Набоков обладает даром создания именно мелкомасштабных, не широкоформатных эффектов. Лучшие из его произведений, куда входят «Пнин», «Лолита» и «Память, говори», содержат в себе относительно мало от пряток-анаграмм и суетливого педантства, что составляет центральную часть его более поздних и, как видим, более претенциозных произведений, таких, как «Бледный огонь» и «Ада». В этих книгах, бесспорно, не хватает мощи, они всецело пронизаны видениями в стиле Пруста и Джойса; они фактически и композиционно кажутся рыхлыми и довольно-таки мелкими. Цементирующей силой в этих книгах в основном становится чувственность — субстанция изысканным образом воспринимаемых чувственных моментов, лучезарных мигов поэтического восприятия, приправленного щегольским остроумием; их эмоциональное ядро — ностальгическое чувство, острое ощущение утраты прошлого. Такое же чувственное ядро наличествует и в «Аде», но оно затеряно в глубинах гротескного «строя», в значительной мере остающегося искусственным. Эта книга подобна раковине, причудливо завернутой, с выпуклостями, покрытой всевозможными случайными вкраплениями. Самое в ней поразительное — это фантастическое несоответствие между твердой внешней оболочкой и крохотным живым существом, в ней обитающим.

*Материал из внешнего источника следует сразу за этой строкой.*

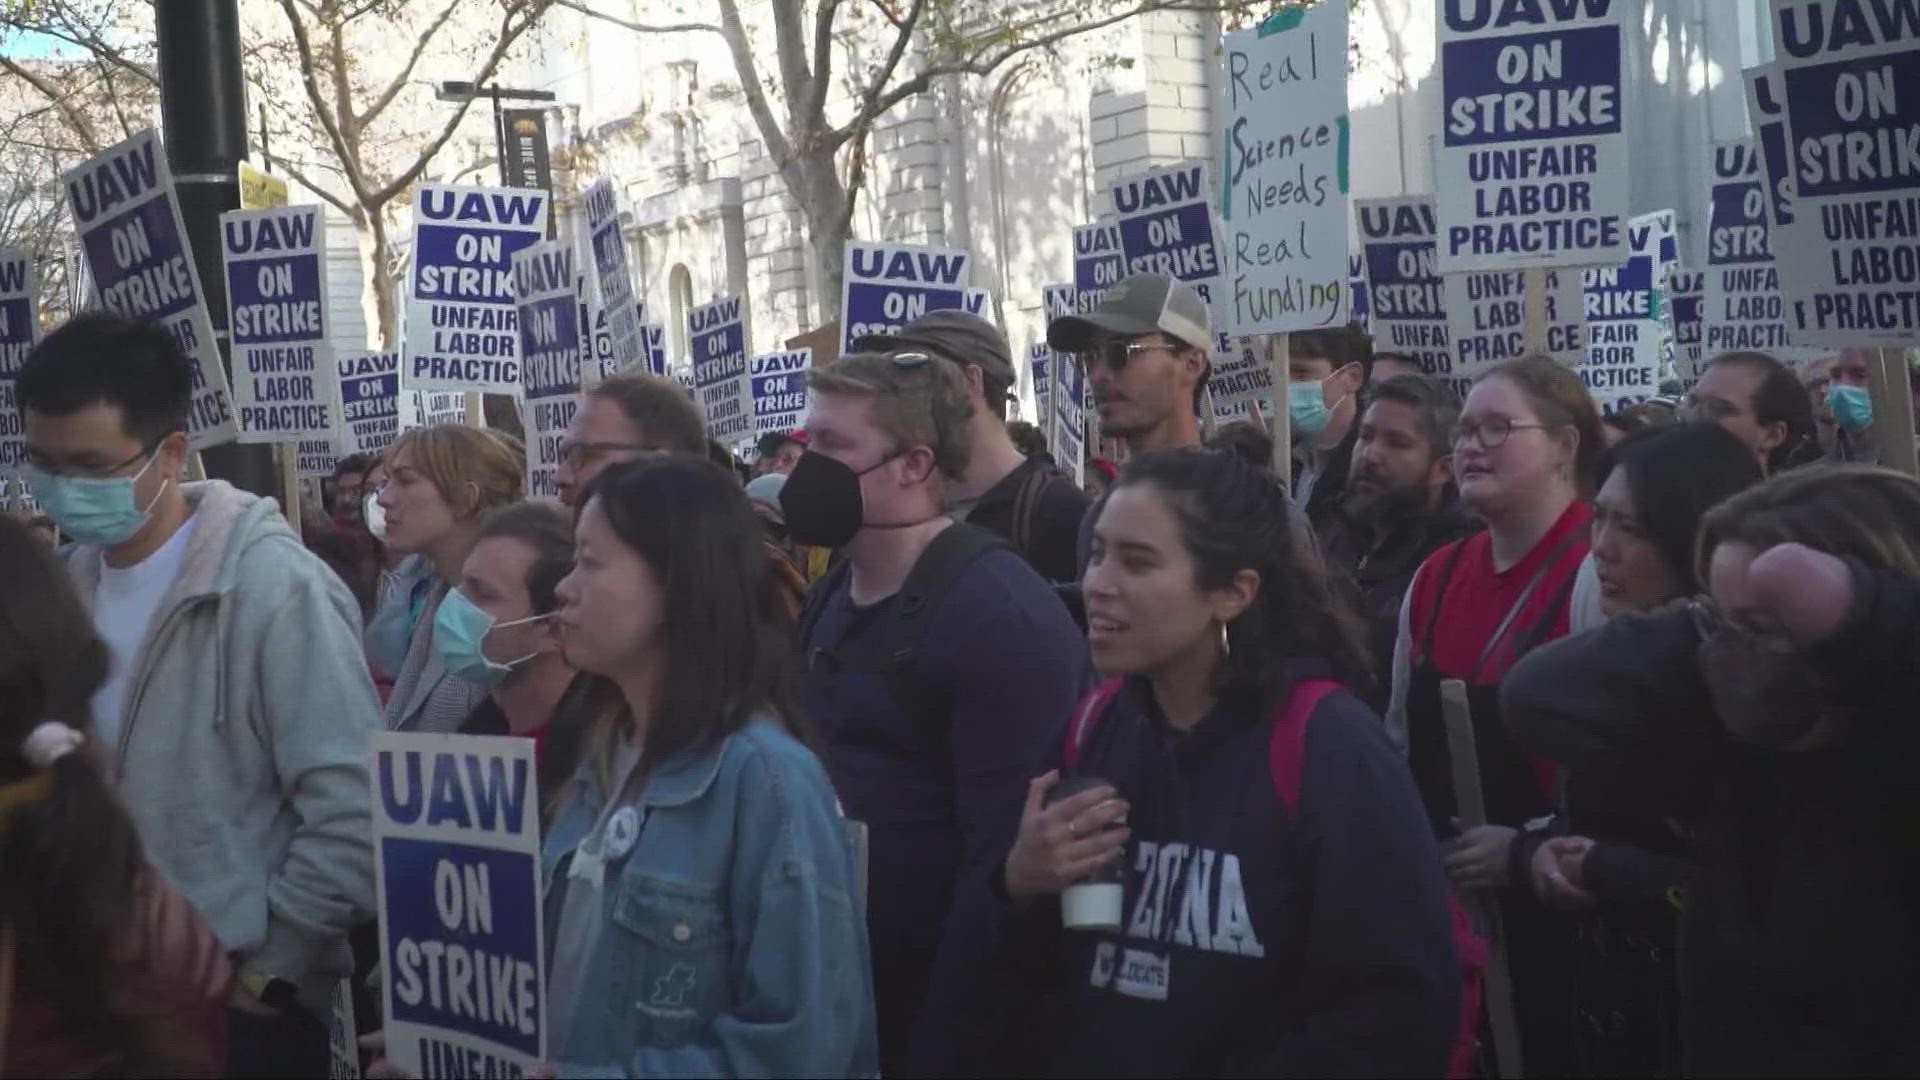 Hundreds of University of California academic workers marched in Sacramento, demanding better wages and working conditions.

Elisabeth Dalton. Ada, or Nada // Partisan Review. 1970. Vol. 37 № 1. P. 155–158
(перевод Оксаны Кириченко).
ПРОСВЕЧИВАЮЩИЕ ПРЕДМЕТЫ
TRANSPARENT THINGS
N.Y.: McGraw-Hill, 1972
Предпоследний роман В. Набокова писался с большими перерывами на протяжении трех лет. Начат он был в октябре 1969 г., а завершен 1 апреля 1972 г. В процессе его создания писателя то и дело отвлекали другие дела: перевод на английский романа «Подвиг», поездка в Америку на премьеру мюзикла Джея Лернера «Лолита, любовь моя» (который с треском провалился, оставив у Набокова неприятный осадок), работа над вторым изданием комментированного перевода «Евгения Онегина» и проч.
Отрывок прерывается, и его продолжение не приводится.